NEUROPSYCHOLOGICAL EFFECTS OF SOLVENT EXPOSURE
Nancy A. Didriksen, Ph.D.
Richardson, TX
Organic solvents are one of the major classes of neurotoxic chemicals which adversely affect neuropsychological functioning. Personality and behavioral functioning is adversely affected as well, and may occur as a direct result of exposure, or secondary to the negative life changes resulting from exposure and subsequent illness. Deterioration may be gradual and often insidious.
Organic solvent exposure studies indicate various neuropsychological deficits, including reduced speed of thinking, impaired coordination, decreased concentration, memory, and vocabulary, in addition to psychiatric symptomology including anxiety, panic disorder, and psychosis. Organic solvents are suspected to be causative agents in senile dementia. The following classifications of solvent-exposed individuals were suggested at the World Health Organization (WHO) meeting on organic solvents in Copenhagen in 1985:
1. Affective Syndrome: neuropsychiatric symptoms reported, no objective findings, considered reversible.
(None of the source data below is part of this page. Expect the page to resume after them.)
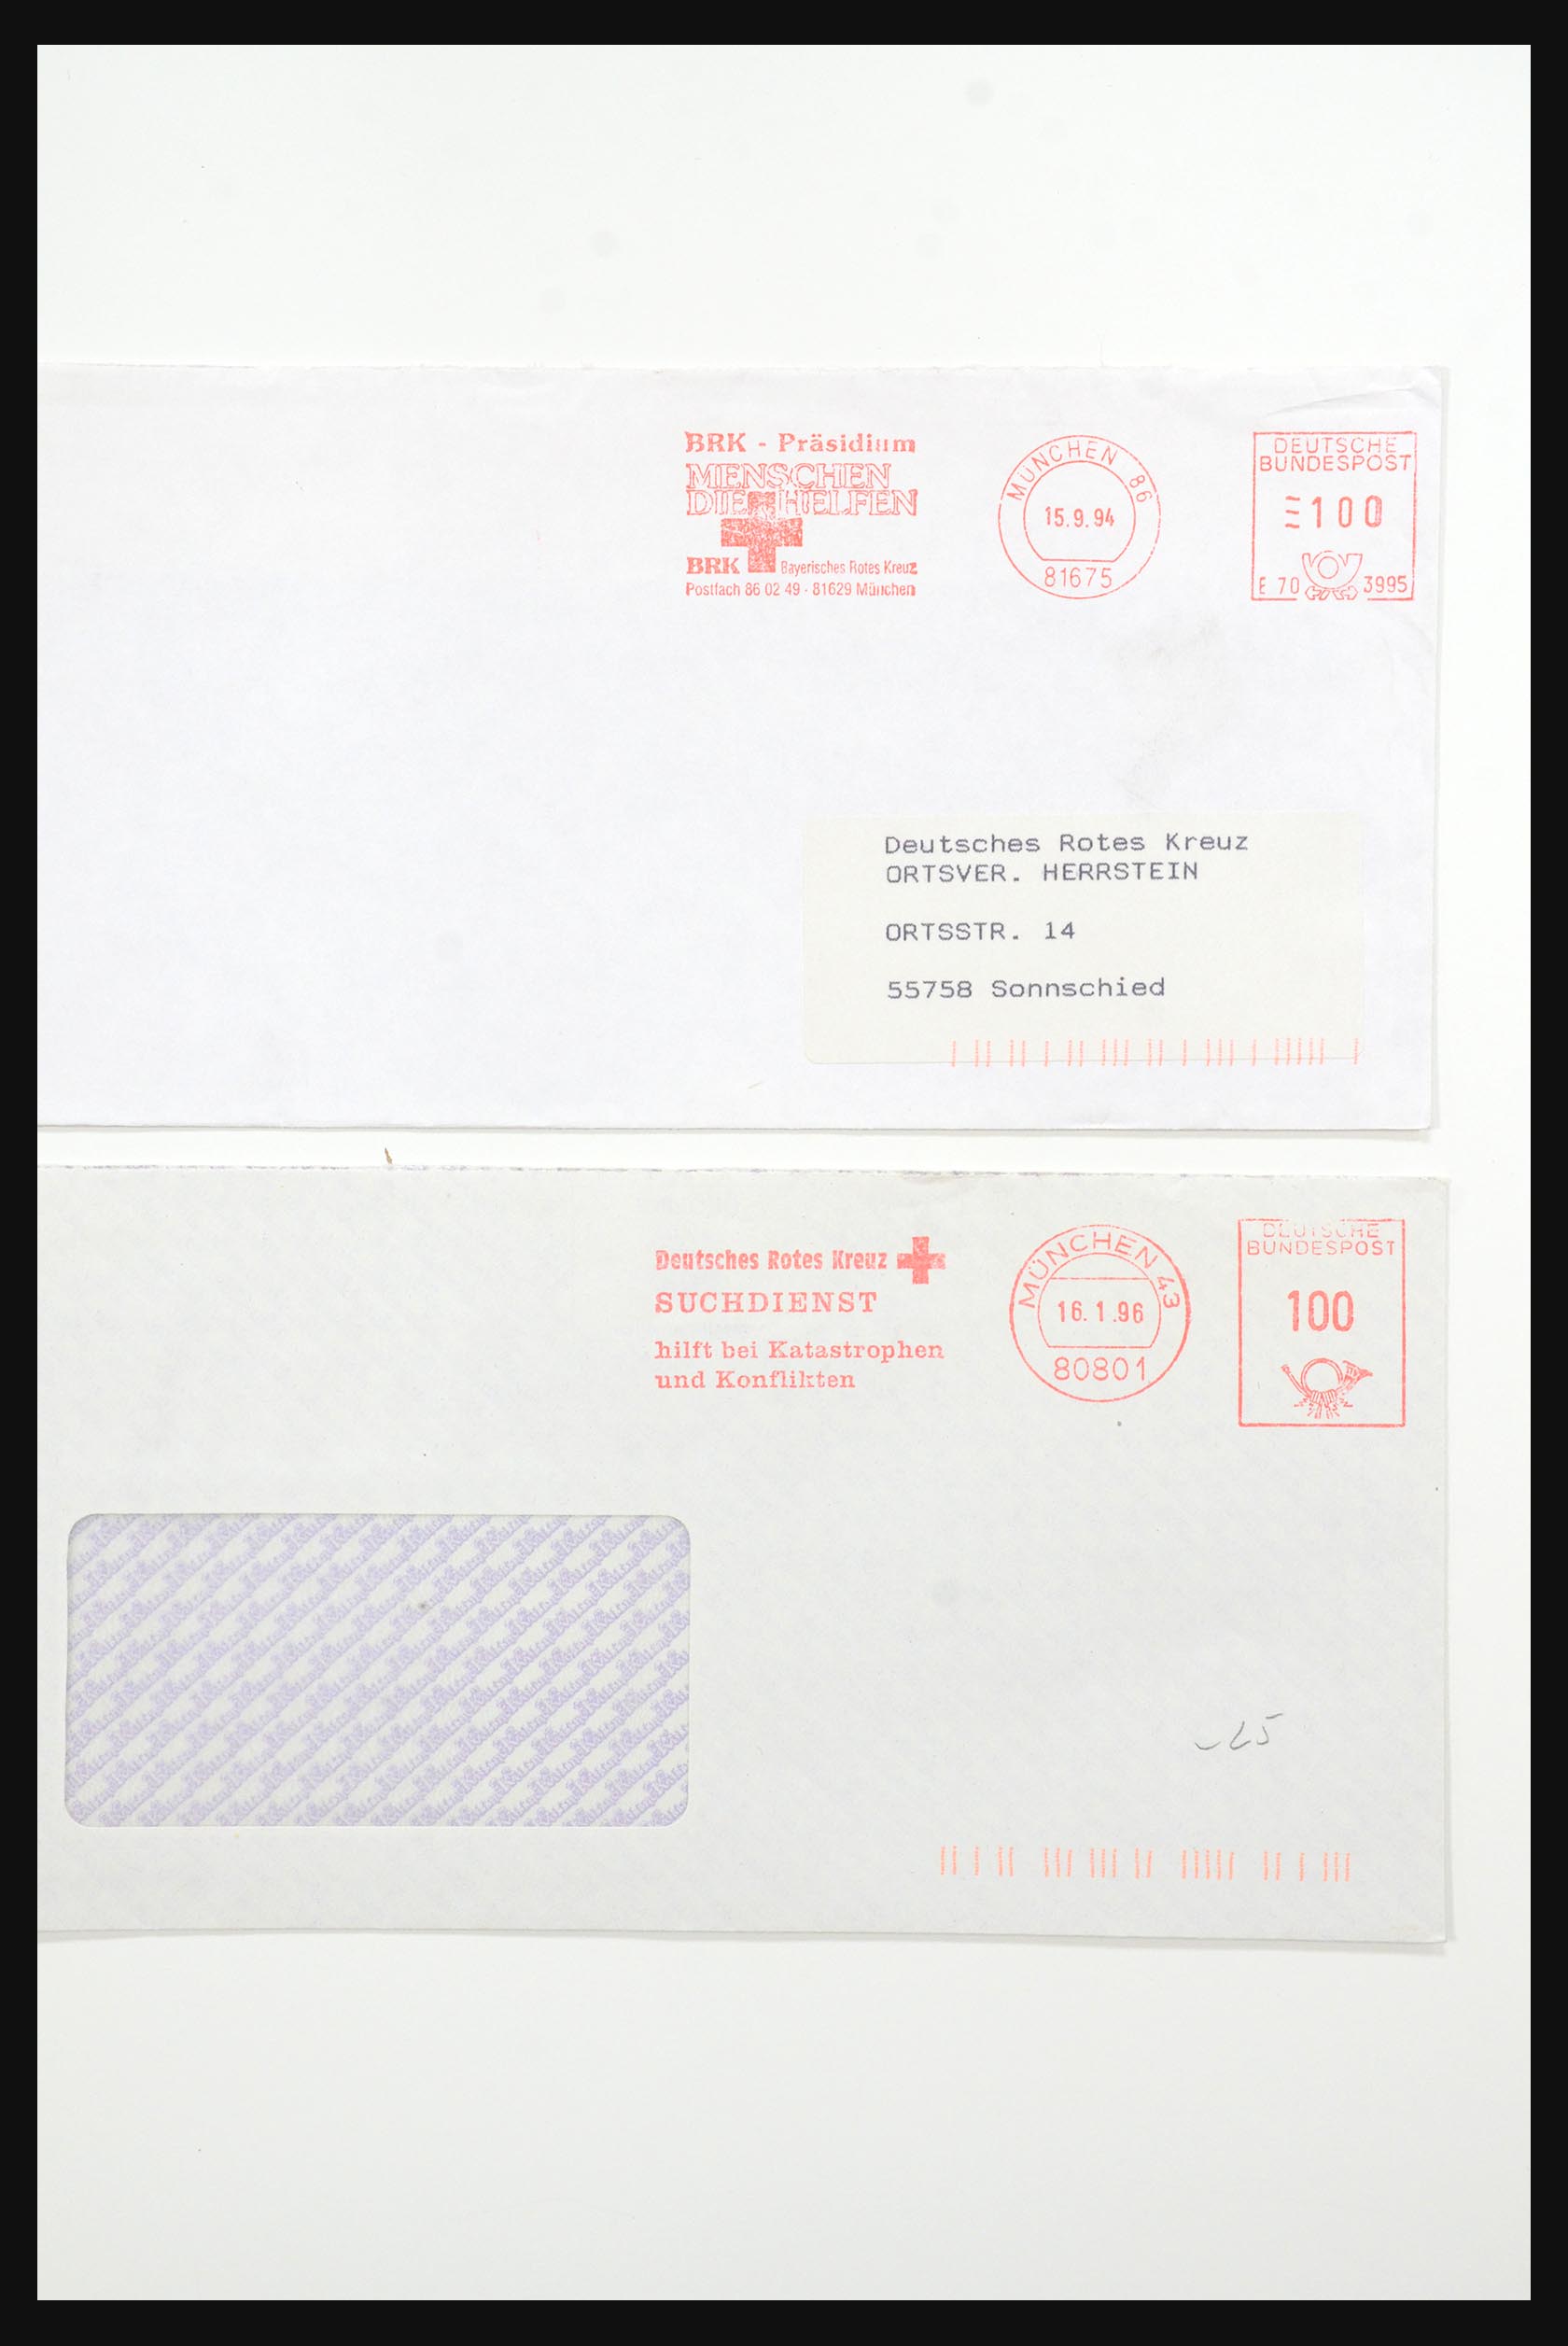 31365 1072 - 31365 Rode kruis brieven 1905-1975.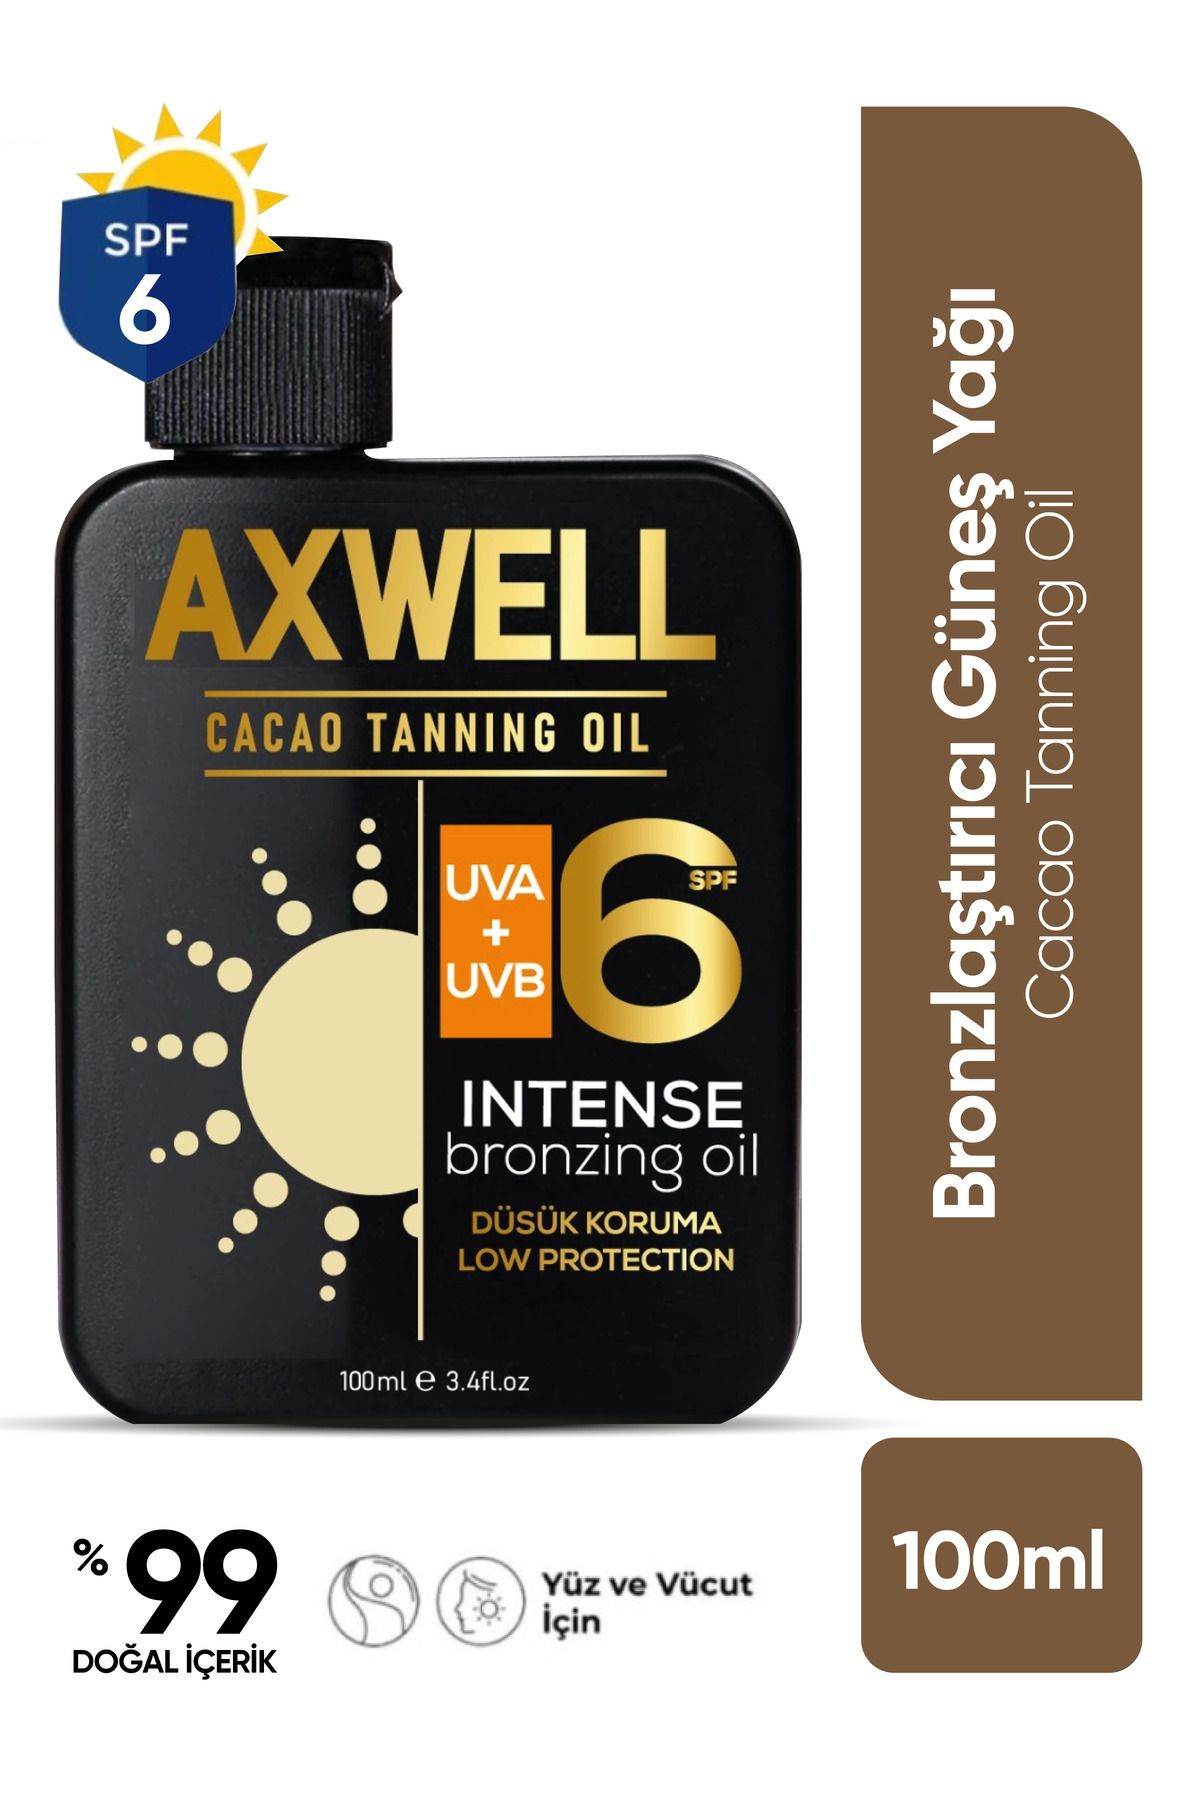 AXWELL Cacao Tanning Oil Bronzlaştırıcı Güneş Yağı Spf 6- 100ml AKY001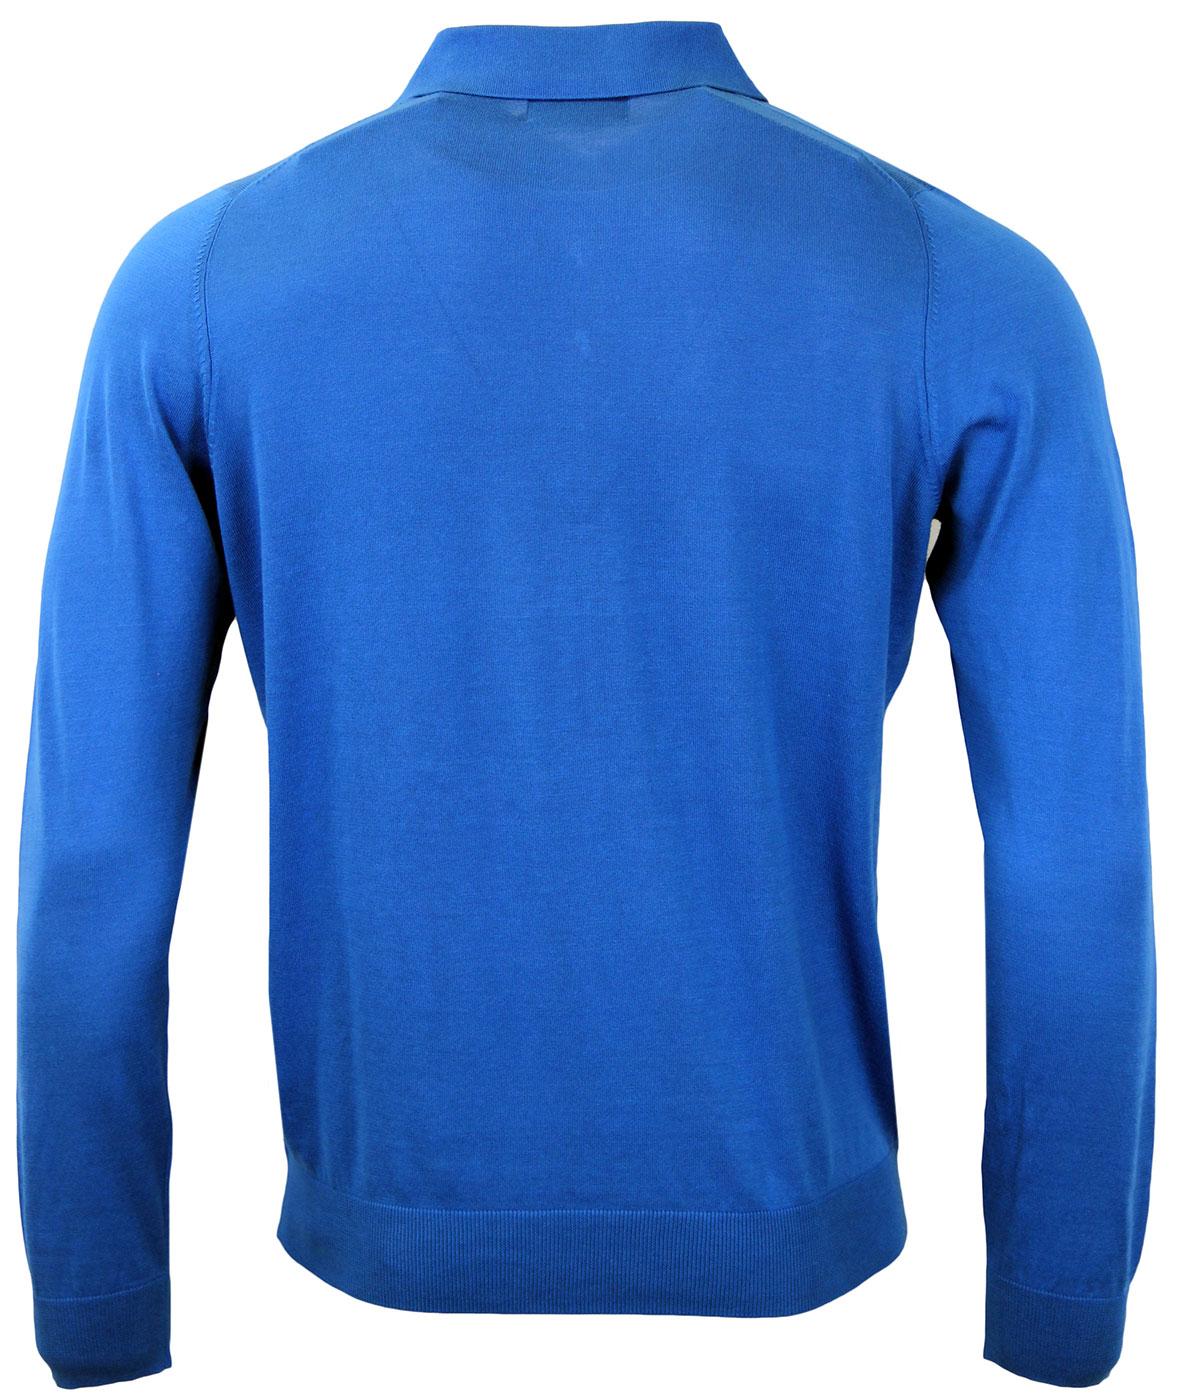 ALAN PAINE Sudbrooke Retro 60s Mod Fine Knit Polo Shirt Blue

2. Mild Chronic Toxic Encephalopathy: neuropsychiatric symptoms, impairments on objective assessment, uncertain reversibility.
3. Severe Chronic Toxic Encephalopathy: severe neuropsychiatric symptoms, impairments more pronounced on objective assessment, usually irreversible.
Examination of neuropsychological test results of 36 solvent-exposed patients referred for evaluation by physicians at the Environmental Health Center-Dallas indicated approximately 70 percent impairment in the higher-order or executive functions of new problem-solving, abstract-reasoning, concept formation, judgment, mental efficiency, and new learning ability as demonstrated by scores on the Halstead Category Test (average score, 62 errors), and on the Tactual Performance Test (average time, 16.04 minutes). Approximately 12 percent of patients tested scored within normal limits.
Impairment was not as severe on measures of visual tracking and scanning. Approximately 70 percent of patients scored within the normal or low-normal ranges on Trail Making Test Part A. Approximately 55 percent scored within the normal and low-normal ranges on Trail Making Test Part B, which requires greater mental flexibility.
The majority of patients (59 percent) scored in the mildly impaired range on the Halstead-Reitan Neuropsychological Test Battery and 15 percent in the moderately impaired range. Approximately 26 percent had General Neuropsychological Deficit Scale scores within normal limits and none scored in the severely impaired range.
Memory functioning was measured using the Wechsler Memory Scale-Revised. Mean scores on measures of memory functioning were below average for verbal memory, attention and concentration, and delayed memory for verbal and visual information. Greatest impairment was observed on measures of immediate verbal memory. The mean immediate visual memory score was slightly above average.
Three members of a family exposed to gasoline-contaminated well water containing primarily benzene, toluene, and xylene, were examined. The most significant negative effect of exposure appeared to occur in the 63-year-old male family member who demonstrated borderline performances in immediate and delayed verbal and visual memory, and severely impaired executive functioning. Overall, neurocognitive abilities appeared to fall in a moderately impaired range.
The 41-year-old male member of the family was evaluated in 1997 and reevaluated in 1998. He demonstrated significant improvement in general learning ability and range and richness of ideas and words and expression (WAIS-R Vocabulary) from initial evaluation, in addition to improved executive functioning from the low normal to the perfectly normal range on the Halstead Category Test. Memory functioning (verbal and visual, immediate and delayed) also improved from initial evaluation.
The 36-year-old female member of the family demonstrated generally low normal performances, overall. She appeared least impaired on measures of immediate visual memory, but demonstrated an inability to retrieve the information after a short delay.
All family members indicated higher levels of confusion, fatigue, anger, depression, and tension subsequent to toxic exposure, as measured by the Profile of Mood States. Reevaluation results of one family member indicated diminished levels of tension, depression, anger, fatigue, and confusion compared with initial evaluation results, but remaining greater than preexposure levels.
The neuropsychological effects of solvent exposure may be subtle or severe and appear to depend upon a variety of factors including frequency, intensity, and duration of exposure, age, educational level, and concomitant illnesses and/or neurotoxic exposures. Reevaluation of one member of the family approximately one year after initial evaluation clearly demonstrated improvement with avoidance of the contaminated well water. The possibility of permanent injury may be determined only by subsequent reevaluation. The positive effects of treatment, such as heat depuration therapy, and avoidance of toxic/neurotoxic substances may also be assessed by reevaluation after an appropriate period of time, usually 12 to 18 months.
References:
Arlien-Soborg, P. (1992). Solvent neurotoxicity. Boca Raton: CRC Press.
Hartman, D. (1995). Neuropsychological toxicology. (2nd ed.) New York: Plenum.
Singer, R. (1990). Neurotoxicity guidebook. New York: Van Nostrand Reinhold.